July 14, 2025
Community Intelligence and Patch Management
Facebook groups like "Are We Dating the Same Guy?" demonstrate the power of community intelligence to identify problematic actors. IT Agent (formerly TrackD) applies this same principle to patch management: crowdsourcing data to identify the 2% of patches that cause disruption while confidently fast-tracking the 98% that deploy safely. Shared information protects communities, whether from bad actors or bad patches.

Read Time: 4 minutes

The Internet occasionally receives undeserved criticism. While it can certainly harbor problematic content and social media may negatively impact young minds, it sometimes surprises us with genuinely valuable services that demonstrate excellent applications for information sharing.

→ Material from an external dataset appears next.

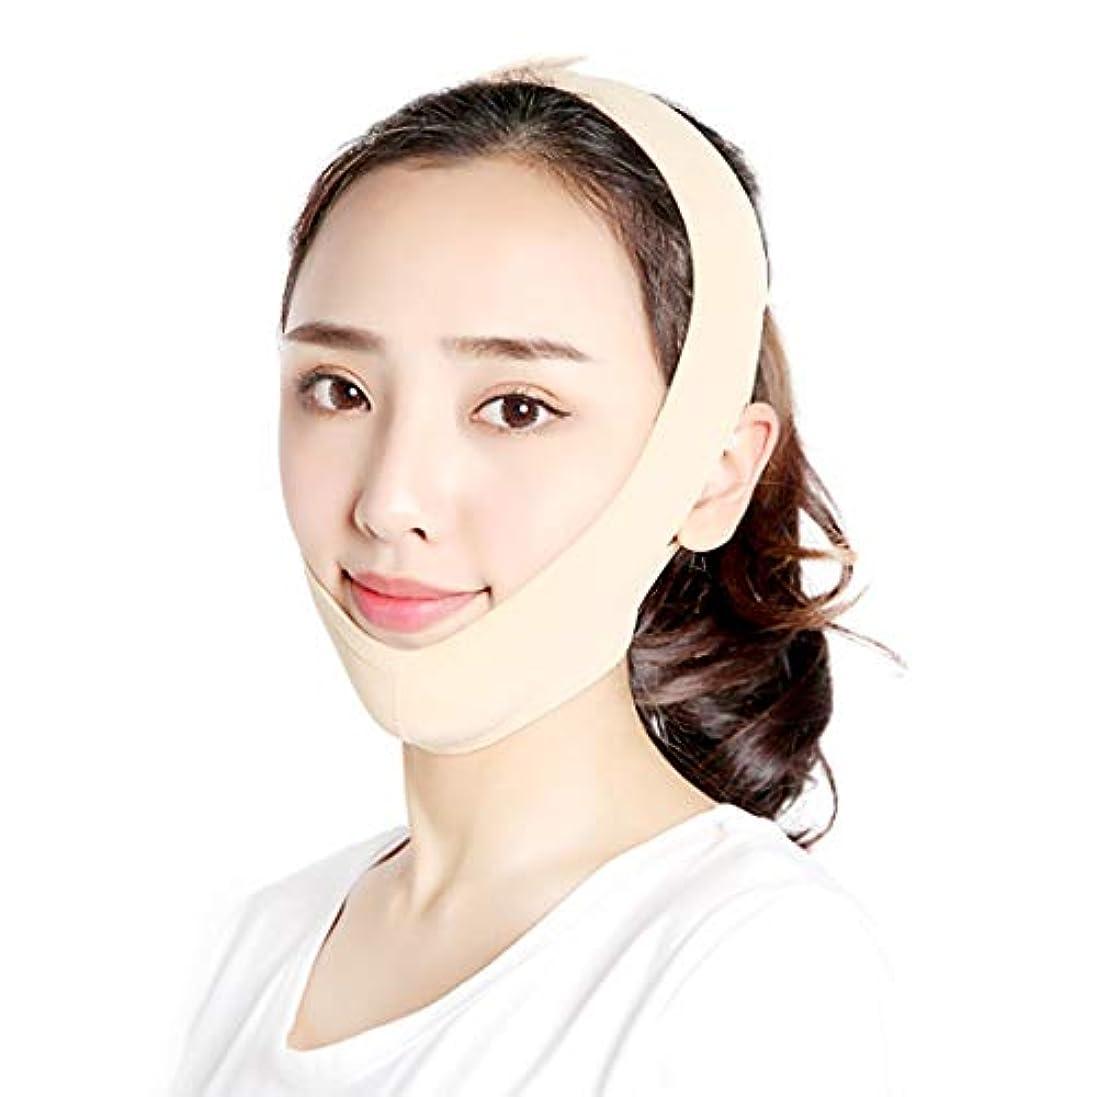 トロリールアーベックスZWBD フェイスマスク, フェイスリフティング包帯V字型マスクヘッドギアフェイシャルリフティングシェイピングリフティング引き締め (Size : XL)
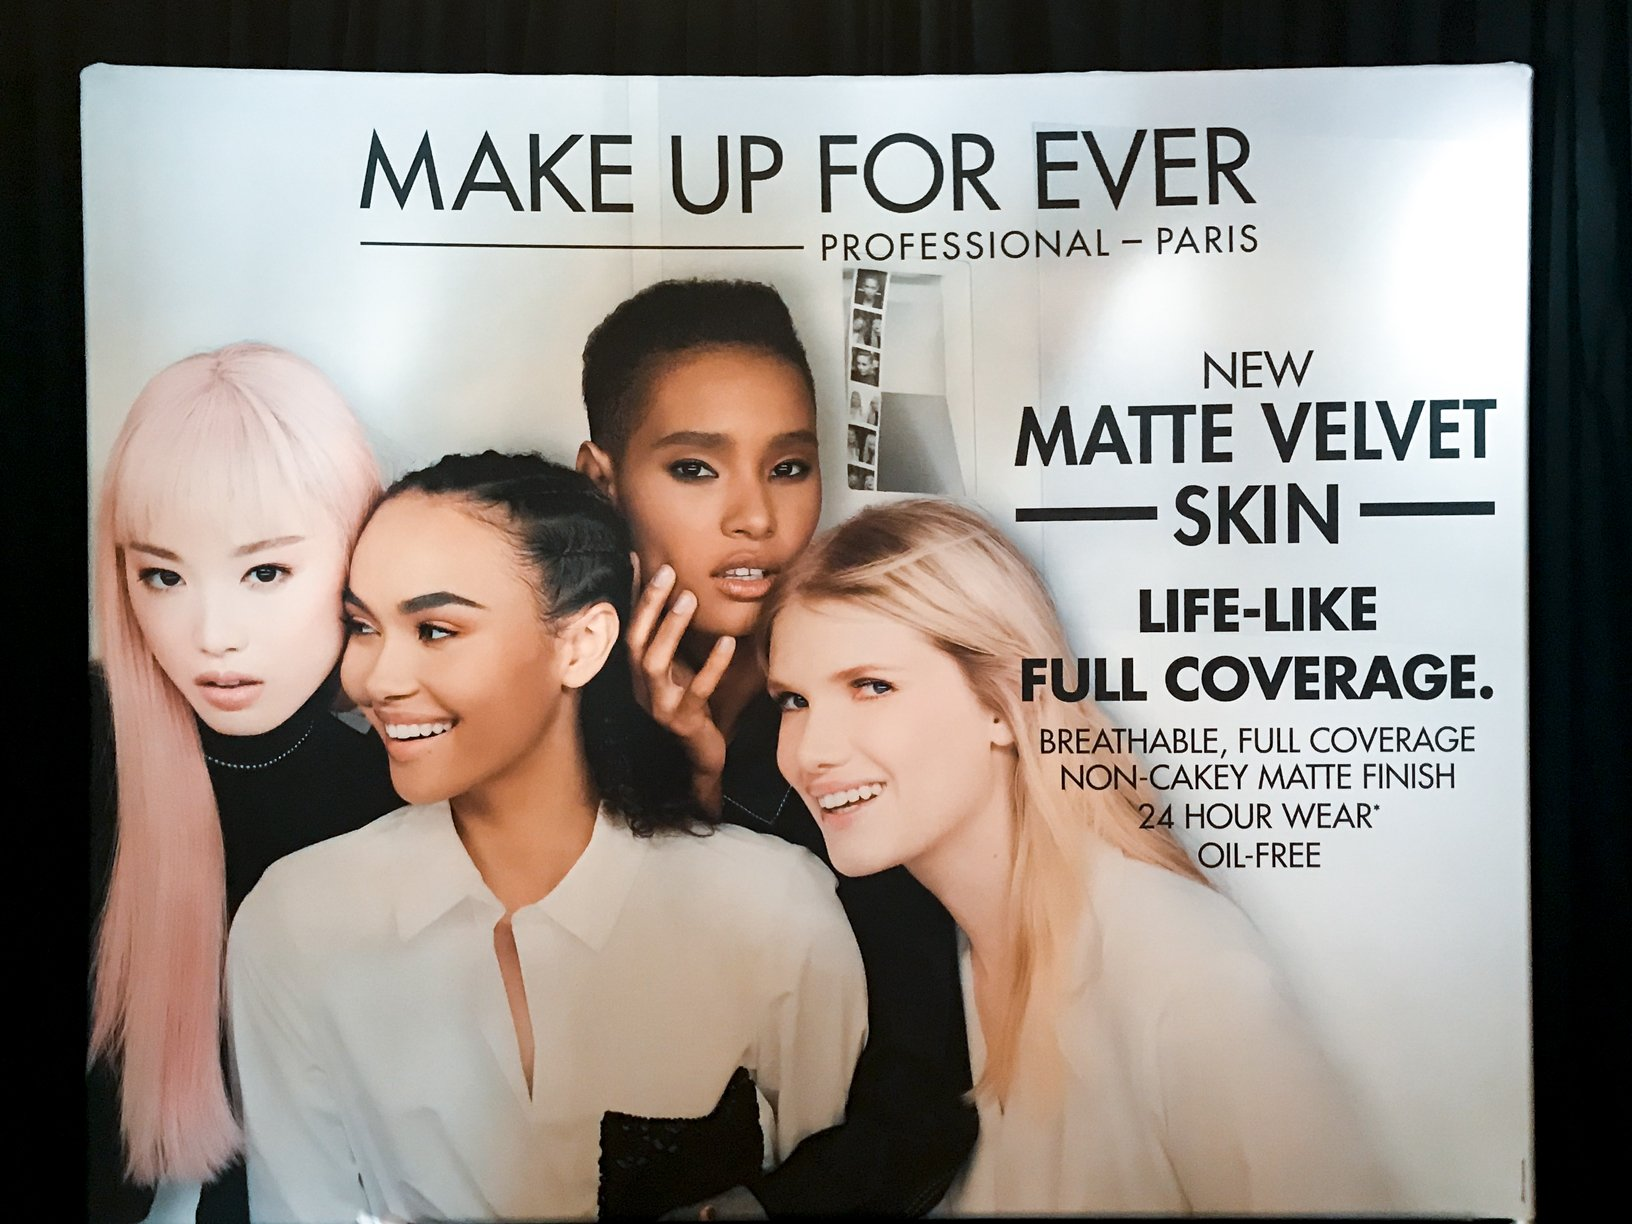 sunkissedblush-makeupforever-masterclass-houston-hotel-zaza-matte-velvet-skin-foundation (1 of 1).jpg

Last week, while driving with my 24-year-old daughter, she told me about Facebook groups in various cities called "Are We Dating the Same Guy?"—an information-sharing concept designed to expose problematic individuals in today's dating scene. Young women who have been approached by or are considering dating someone new will post his picture on the group page to verify he's not already involved in a relationship. My daughter assures me that exposing individuals with questionable behavior is remarkably common.

So what does this have to do with patch management?

Sharing Information to Combat Common Threats

My immediate thought: what an excellent application of information sharing for community protection—in this case, young single women defending against problematic individuals. Moreover, the parallel between these Facebook groups and what we're accomplishing at IT Agent (formerly TrackD) is both striking and entertaining to consider, particularly the mathematics involved.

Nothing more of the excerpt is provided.